Do prescription sleeping pills also work?
WEDNESDAY, MAY 12, 2021 (HealthDay News) – An estimated 9 million Americans turn to prescription pills when they can’t sleep, but a new study on middle-aged women that doing drugs for a year or more may do nothing good.
About 200 women who cured their sleep problems had more than 400 women who had trouble sleeping but did not take medication, and researchers at Brigham and Women’s Hospital in Boston found that sleeping pills are not beneficial for long-term use. After giving a medication to sleep for a year or two, the women in the medical team did not sleep better or longer than those who were not on medication.
“The simple conclusion is that long-term use of sleeping pills does not have a clear benefit in terms of chronic sleep problems,” said Dr. Daniel Solomon. rheumatologist and Brigham and Women’s epidemiologist.
Although Solomon does not usually focus on sleep-related issues, he was inspired to see patients who had been struggling for years. loezina. “Usually I can give the patient a medicine a week to sleep, and sometimes they come back with long-term use and are still complaining about sleep problems,” he noted.

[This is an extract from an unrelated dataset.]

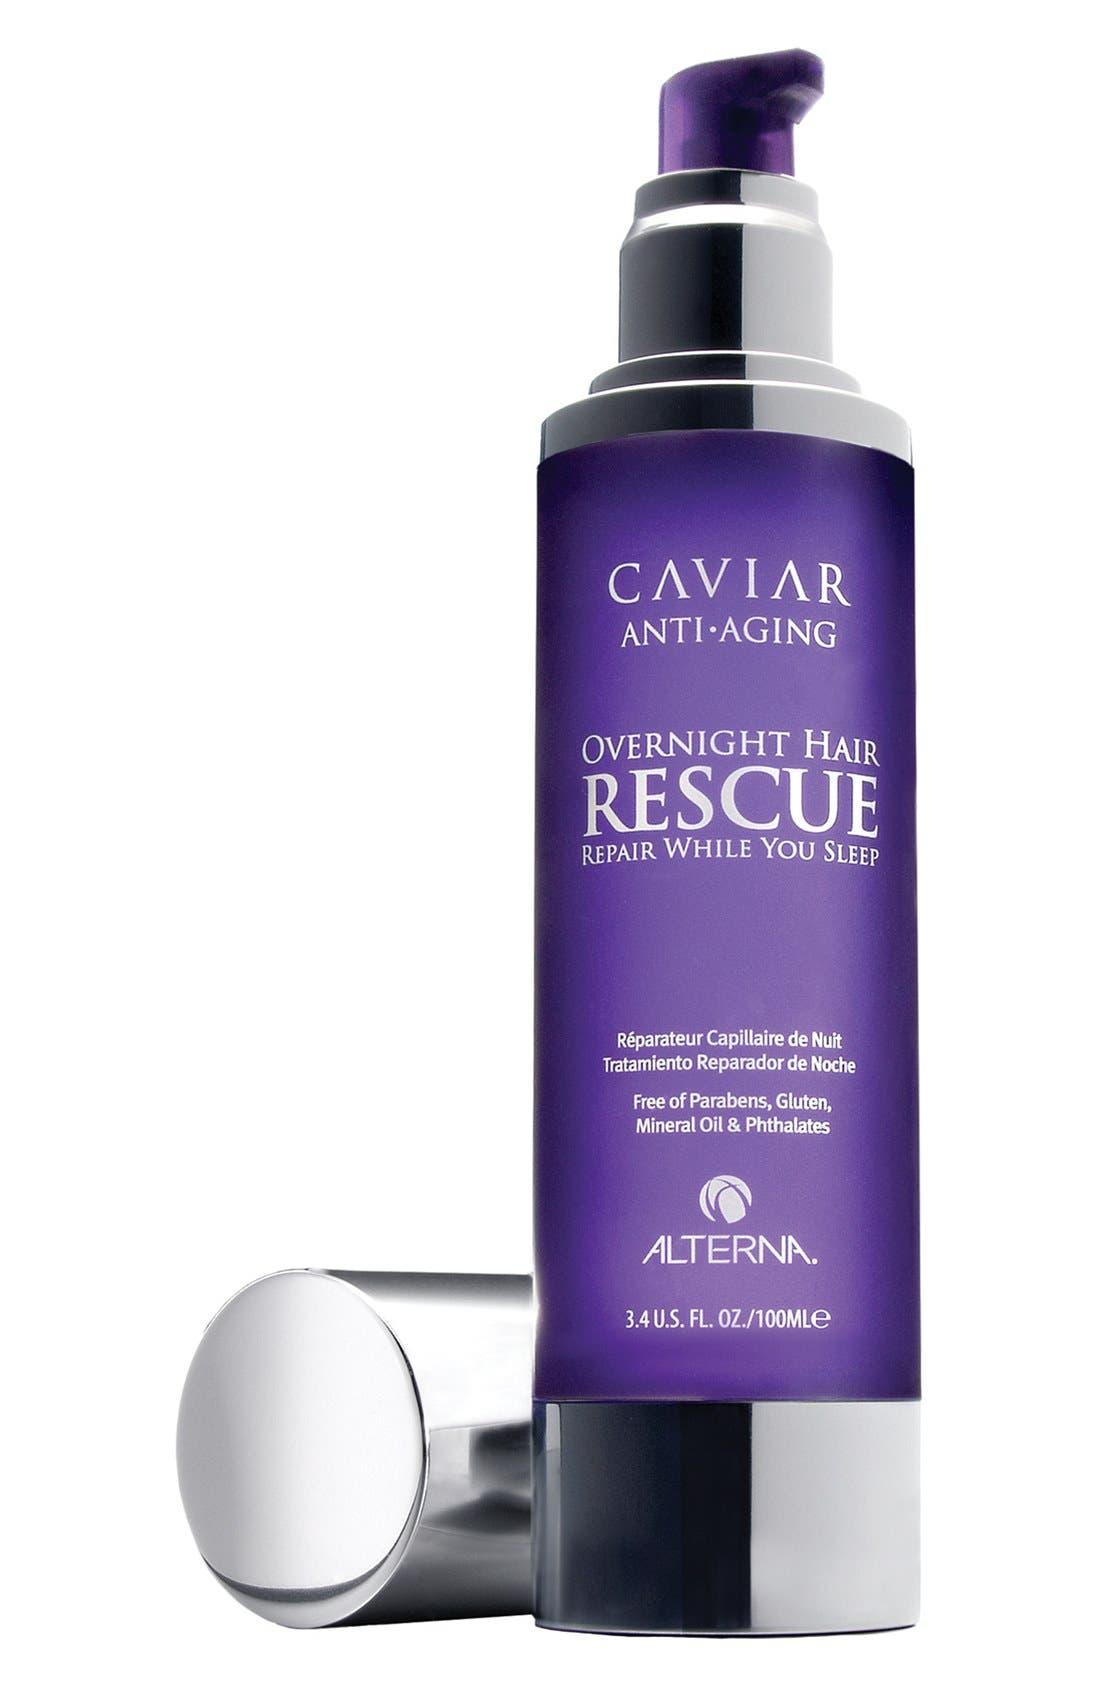 ALTERNA® Caviar Anti-Aging Overnight Hair Rescue Hair Treatment

The findings come from a database of U.S. National Institutes of Health that has tracked thousands of women to study how middle age and menopause affect mental and physical health.
Menopause, when women stop producing certain female hormones and stop having them once a month, is known to cause insomnia. Many women have trouble sleeping in the years before menopause and during menopause.

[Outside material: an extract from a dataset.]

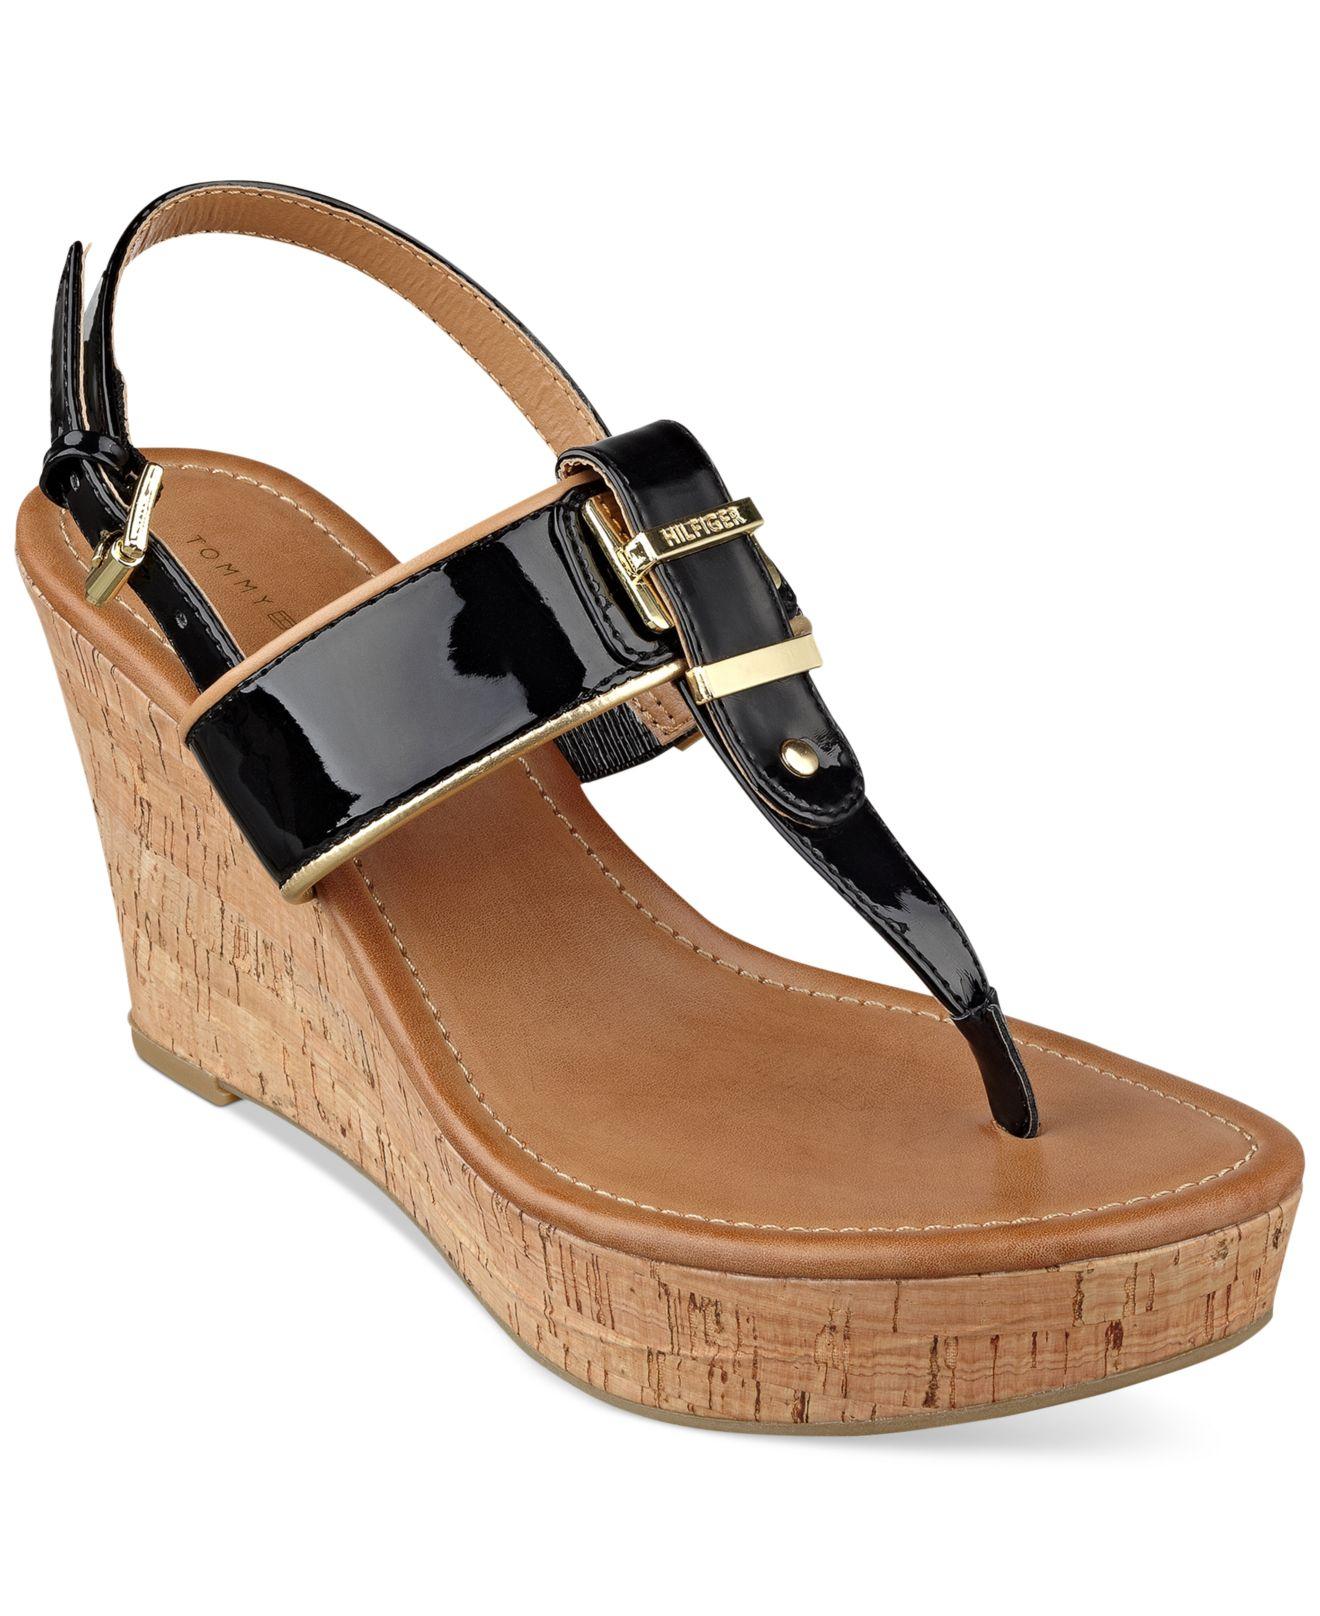 Original Tommy Hilfiger Women Sandals 2017

Solomon’s research team identified women who reported having trouble sleeping in that database, such as waking up too early and having difficulty sleeping and falling asleep.
“All the women in our study had sleep disturbances. Some of them started a medication and others didn’t, and then we went on for a long time a year later and two years later,” Solomon said. “We asked them about their usual medication use at each annual visit, and we asked them about sleep disturbances, using a well-described sleep disturbance scale.”
Since the study is primarily conducted at annual check-ins with participants, it can only show how these medications have worked in the long term. However, clinical trials in the short term, these drugs help people sleep.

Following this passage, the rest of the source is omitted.